We just talked with her in a calm voice and later on I gave her some treats. We moved into my bf's studio and watched a movie and she slept under the couch we were sitting on. But, she was scratching at the couch a good bit so Im wondering if that was kind of a bad sign?

This morning I woke up first and I saw she was curled up at the end of the bed where my feet were and then she came up onto my chest and was asking for cuddles so I gave her some and then later on fed her treats.

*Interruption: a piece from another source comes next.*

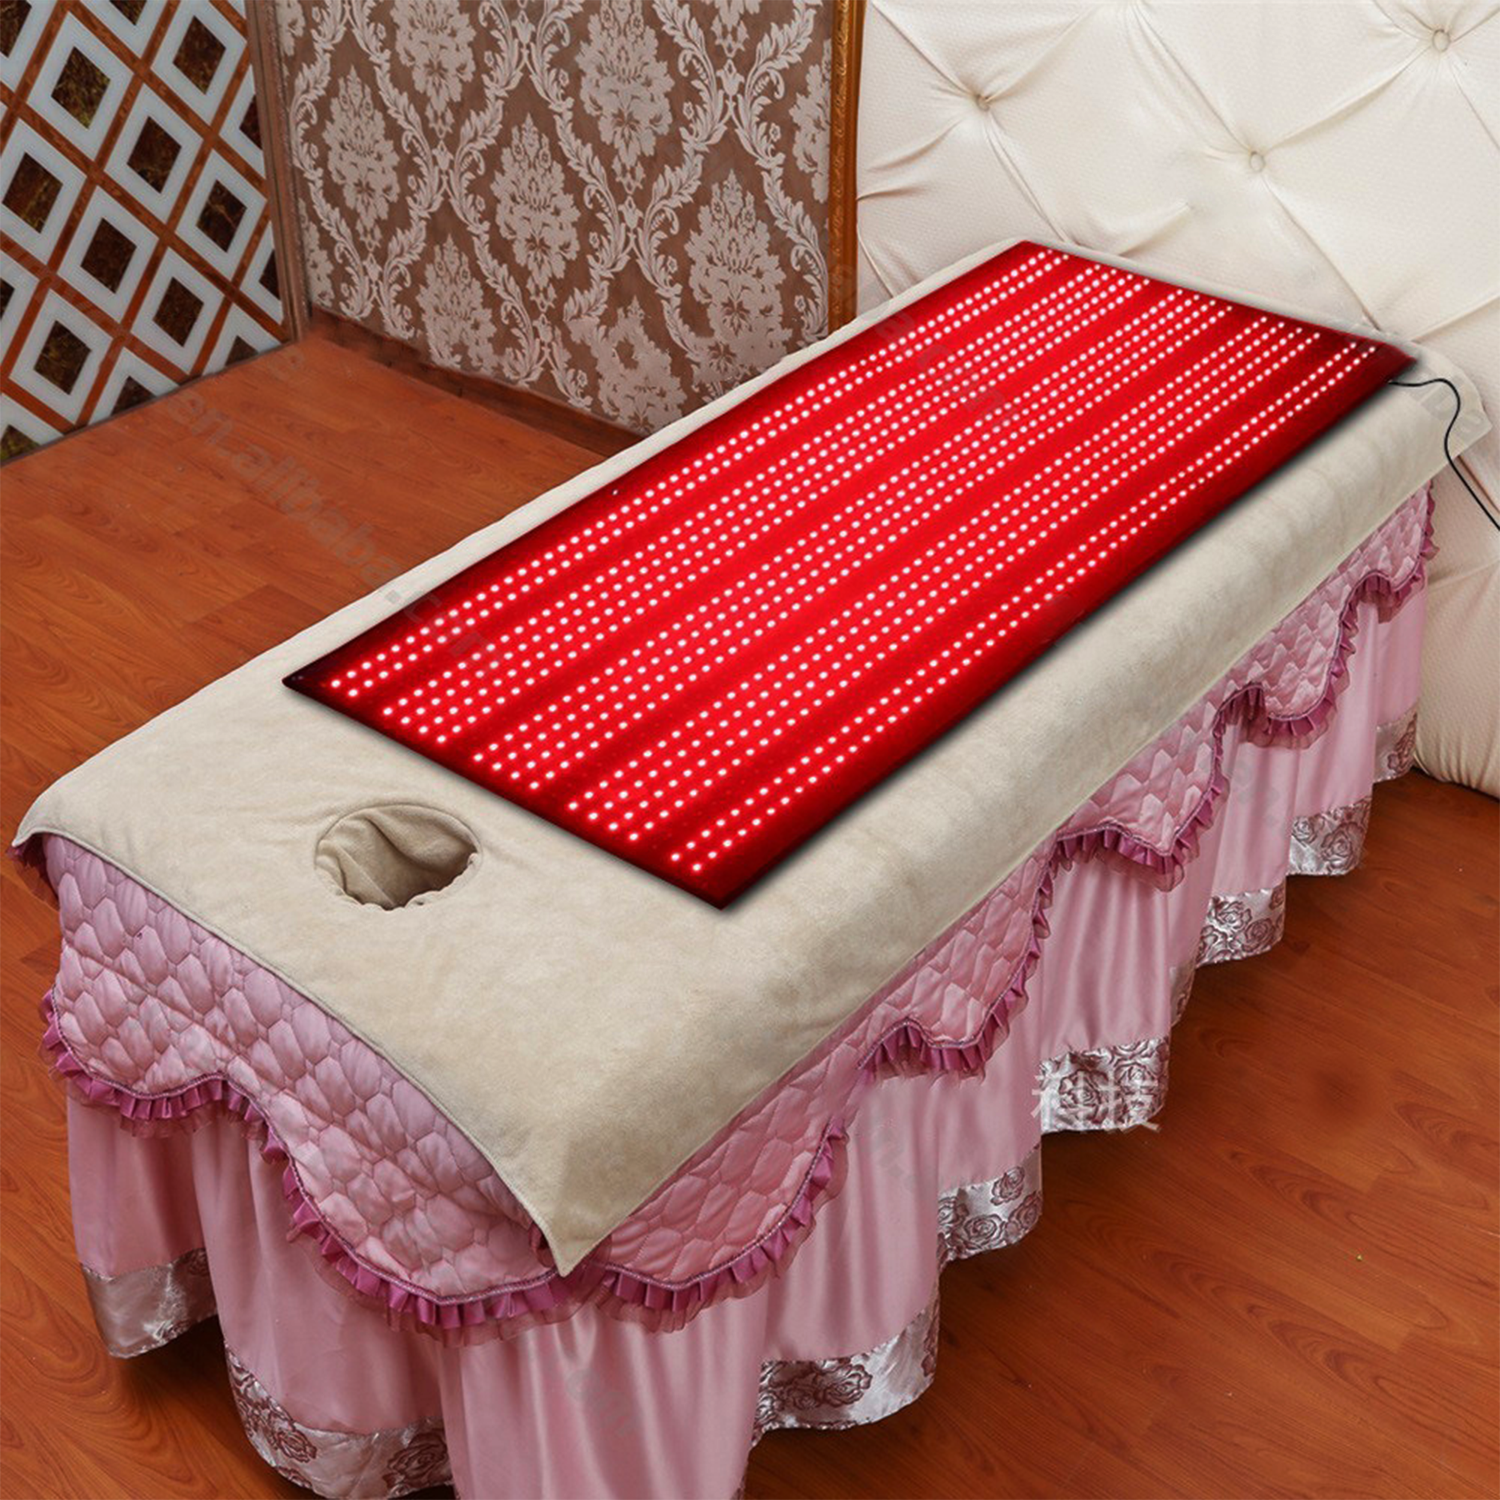 red light therapy mats

Yesterday I also went to the pet store and picked up some Beaphor Catcomfort spray and I moved her feliway plugin next to her cat tree as thats where shes been spending the most time since the incidident. I sprayed it all around the house and I think it has made a big difference. Im making sure she sees that Im the one feeding her but for the moment Im having my bf clean her litter box in case she gets territorial. She is also not allowed to be on the balcony until everything is settled in case she sees another cat (but she is ofc dying to get back on it lol)

Also just for some context of where she was before: We did not get her from a shelter we got her through German eBay lol. Her previous owners said that they just didnt have the time for her as they work full time, have a toddler and a very energetic jack russel. They did say she is very male-orientated because her male owner basically raised her and bottle fed her as a kitten. I do think she has some trauama as she only has one 'good' eye. They told us she was bit by a dog when she was a kitten and so she is blind in her right eye so I can image then living with a dog didnt help. They also said they never played with her much as she usually just liked to be by herself and then cuddle when she wanted to.

Should I not be playing with her as much? Before this incident We were playing like 4/5 times a day for 15 mins at a time but its because she really was begging me to, she would bring her toys over to me lol.